Time
Out Film Guide (eleventh edition)
John Pym, ed.
Foreword by Geoff Andrew
London: Penguin Books, 2002.
£16.99, 1592 pages, ISBN 0-14-029414-7.
Contemporary North American Film Directors: A Wallflower Critical
Guide (second edition)
Yoram Allon, Del Cullen & Hannah Patterson, eds.
Foreword by Neil LaBute
London & New York: Wallflower Press, 2002.
£18.99, 619 pages, ISBN 1-903364-52-3.
Nicolas Magenham
Rouen
"Et puis ce soir on s'en ira / au cinéma". Like Guillaume
Apollinaire, many writers and poets have compared the act of going
to the cinema with a trip. In some ways, reading film guides is the
same kind of experience: leafing through them is like traveling in
the movie world. It is a journey in which aesthetic criteria as well
as the distinctions of genres, eras, countries are erased by the alphabetical
classification, a strange voyage in which Demolition Man is
encountered next to Les Demoiselles de Rochefort.
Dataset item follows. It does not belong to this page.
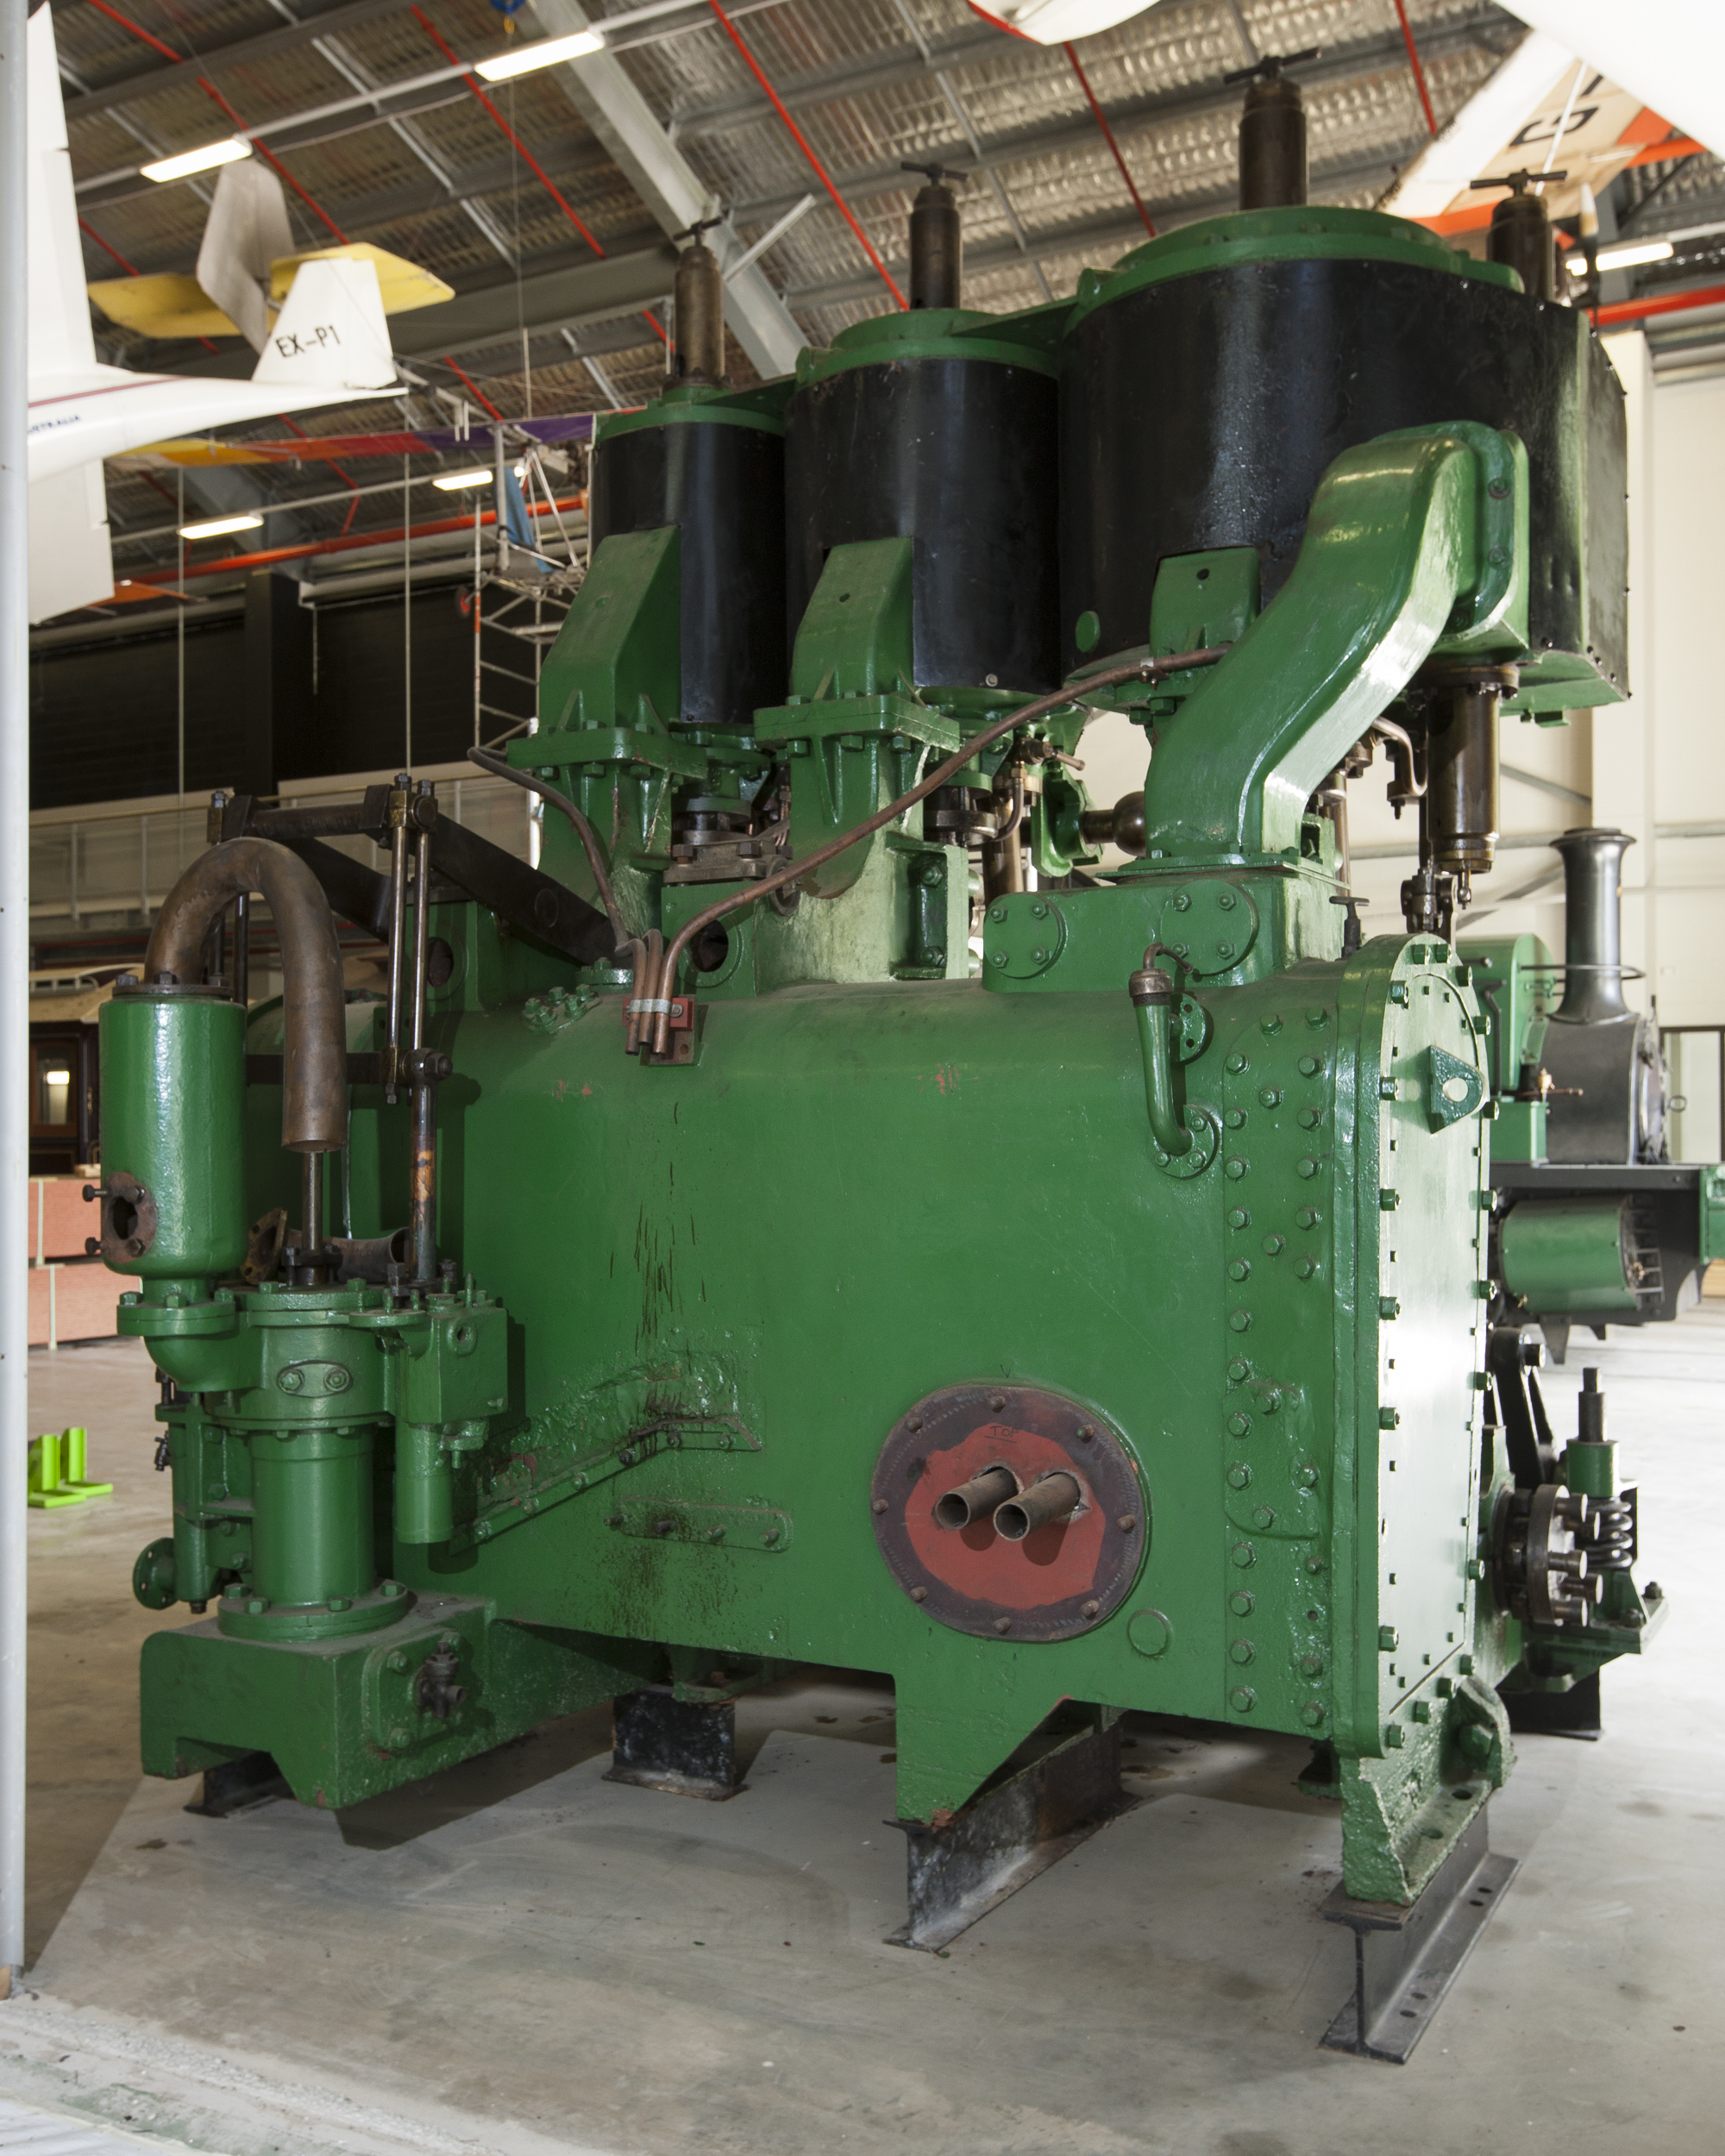 Steam engine by Forth Banks Works used to power Sydney ferries
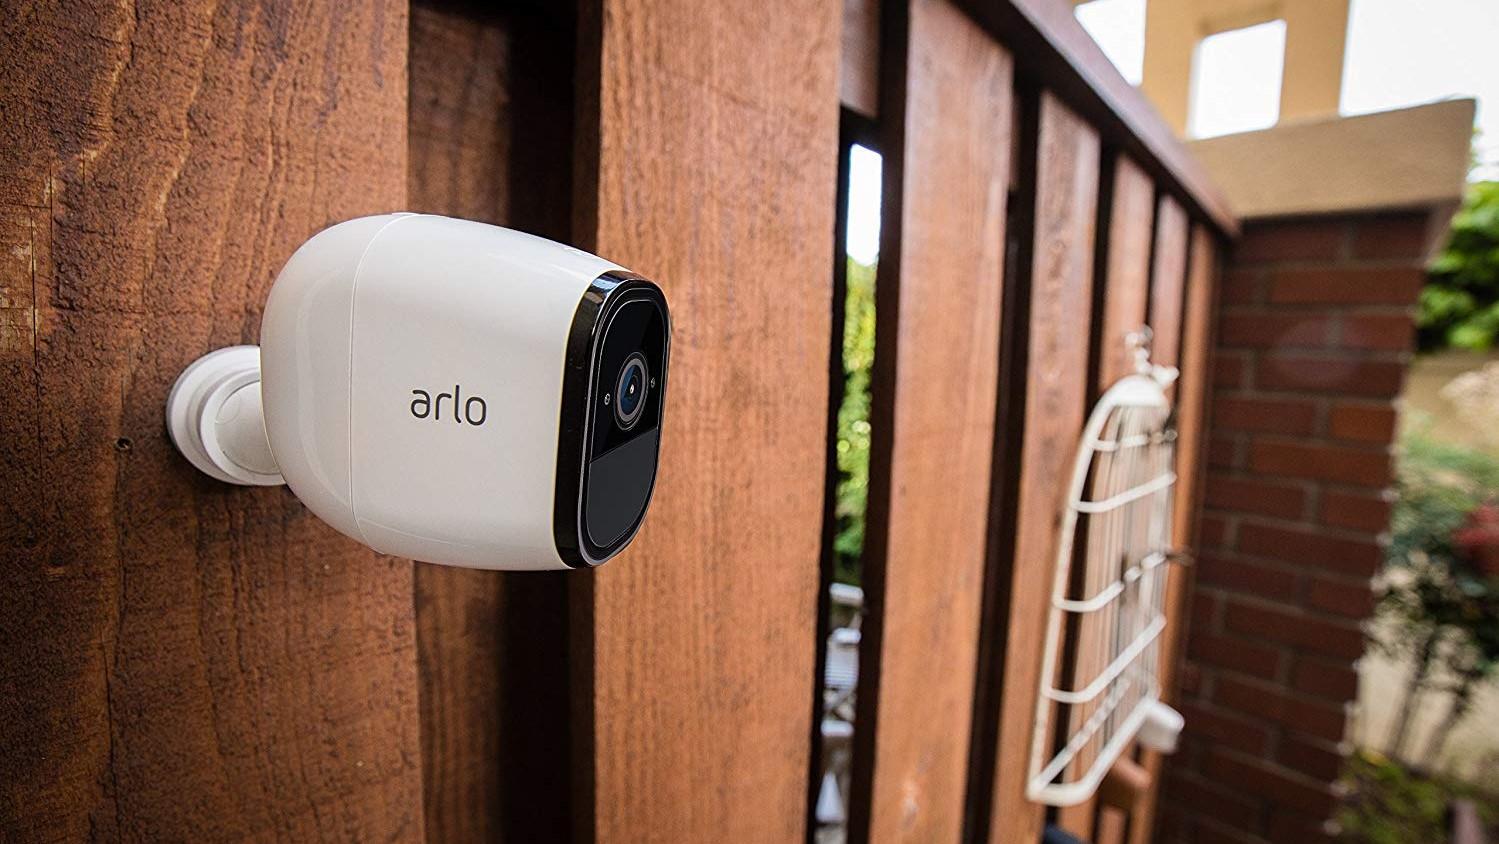 The Arlo Pro information    camera attached to a wall.

Among all the annual general film guides, the Time Out Film
Guide is undoubtedly one of the most complete and practical. Even
though it contains fewer entries than other guides (14,500 to 21,000
for the Radio Times guide for example), the Time Out Film
Guide features more useful indexes: films classified by country
or subject, obituaries 2001-2002, and so on. It is also the cheapest,
which is far from negligible. However, there is only one review for
each film (an extract of the review published in the magazine), whereas
the Halliwell's Film & Video Guide generally offers two
different points of view for one film. The Radio Times Guide to
Films, for its part, offers a useful appendix of alternative titles.
Nevertheless, the Time Out Film Guide is much more complete
than the other guides regarding the films credits, since it systematically
names not only the directors and players, but also, among others,
the composers, directors of photography, editors, and producers. It
is far from being the case in other guides, in which full credits
generally appear for the classics only. Mentioning this list of people
is often important because a non-interesting film may happen to have
an interesting soundtrack, for example (see Sam Mendes's "academic"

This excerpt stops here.